Agentic AI / Generative AI

Introducing New KV Cache Reuse Optimizations in NVIDIA TensorRT-LLM

Jan 16, 2025

By John Thomson, Anjali Shah and Laikh Tewari

Discuss (1)

AI-Generated Summary

Dislike

NVIDIA TensorRT-LLM introduces priority-based KV cache eviction, allowing users to influence block eviction by specifying priority and duration for discrete token ranges, improving cache hit rates by around 20%
The KV cache event API enables tracking updates to the KV cache, providing an eventually consistent view of the cache state, and facilitating KV-aware routing and scheduling decisions across multiple executors
These features provide fine-grained control over the KV cache, enabling users to optimize cache management based on their workload knowledge, leading to better cache reuse and reduced energy costs

AI-generated content may summarize information incompletely. Verify important information. Learn more

Language models generate text by predicting the next token, given all the previous tokens including the input text tokens. Key and value elements of the previous tokens are used as historical context in LLM serving for generation of the next set of tokens. Caching these key and value elements from previous tokens avoids expensive recomputation and effectively leads to higher throughput. However, key-value (KV) cache grows linearly with the size of the language model, number of batched requests, and sequence context lengths, leading to growing memory requirements.

NVIDIA TensorRT-LLM provides several KV cache optimizations to manage the challenging balance between growing memory size and preventing expensive recomputation. TensorRT-LLM is an open-source library that provides state-of-the-art inference support for numerous popular large language models (LLMs) on NVIDIA GPUs. TensorRT-LLM KV caching includes several optimizations, such as support for paged KV cache, quantized KV cache, circular buffer KV cache, and KV cache reuse.

In this post, we dive deeper into two new high-level features that have been introduced into TensorRT-LLM. These features enable more fine-grained control over the KV cache, and provide visibility into TensorRT-LLM KV cache for use in upstream applications like KV cache aware routing.

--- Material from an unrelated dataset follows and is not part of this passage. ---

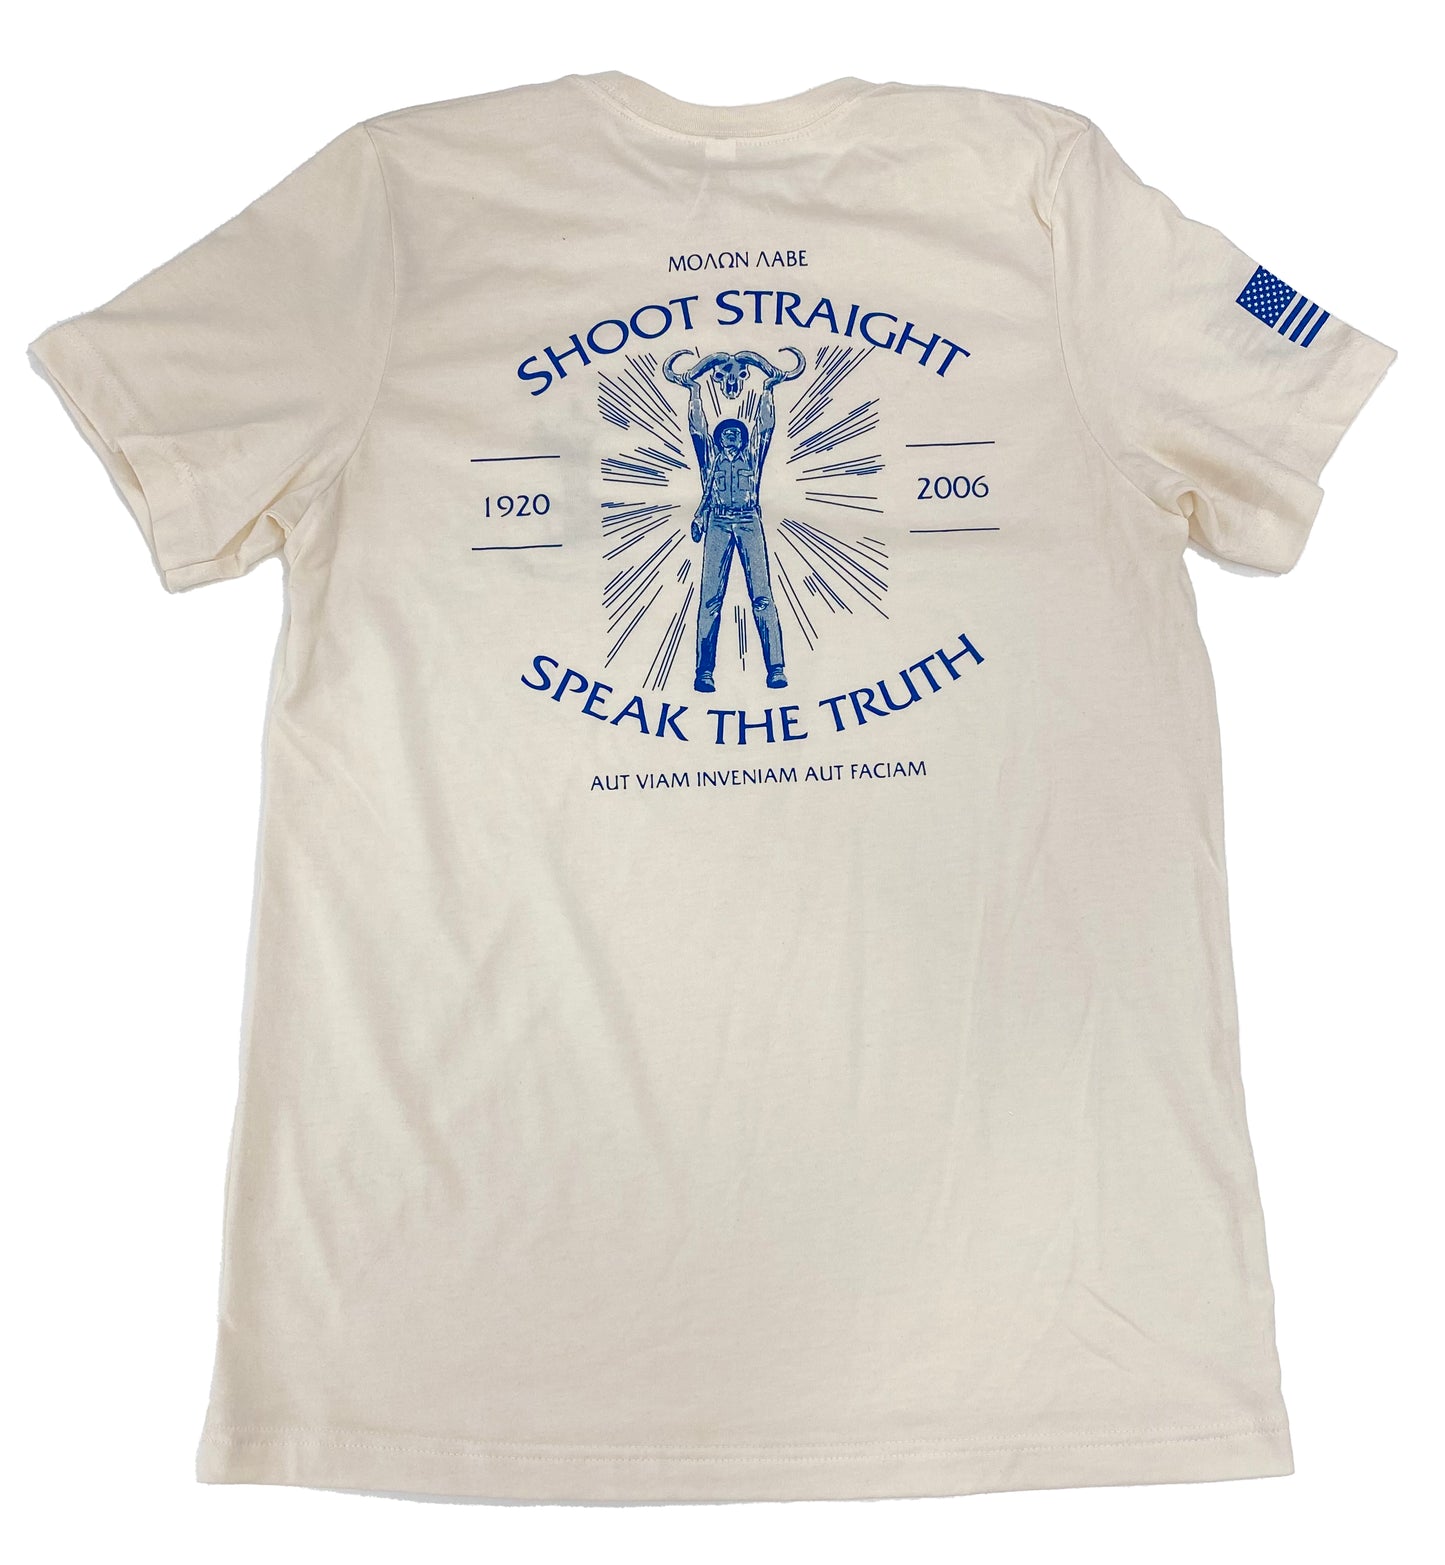 Shoot Straight/Speak the Truth T-Shirt White

Priority-based KV cache eviction

When an LLM request has completed, the KV cache blocks associated with these requests are stored. Given the bounded size of the KV cache, some cached blocks may need to be evicted to make room for new sequences. By default, eviction follows a least recently used (LRU) policy.

Priority-based eviction is a new feature of the TensorRT-LLM Executor API that enables users to influence how blocks are selected for eviction. Users can specify two attributes that guide block eviction: priority and duration. The priority value sets the relative retention priority (how important it is to retain that block in the cache), and the duration value sets how long this priority level should apply for.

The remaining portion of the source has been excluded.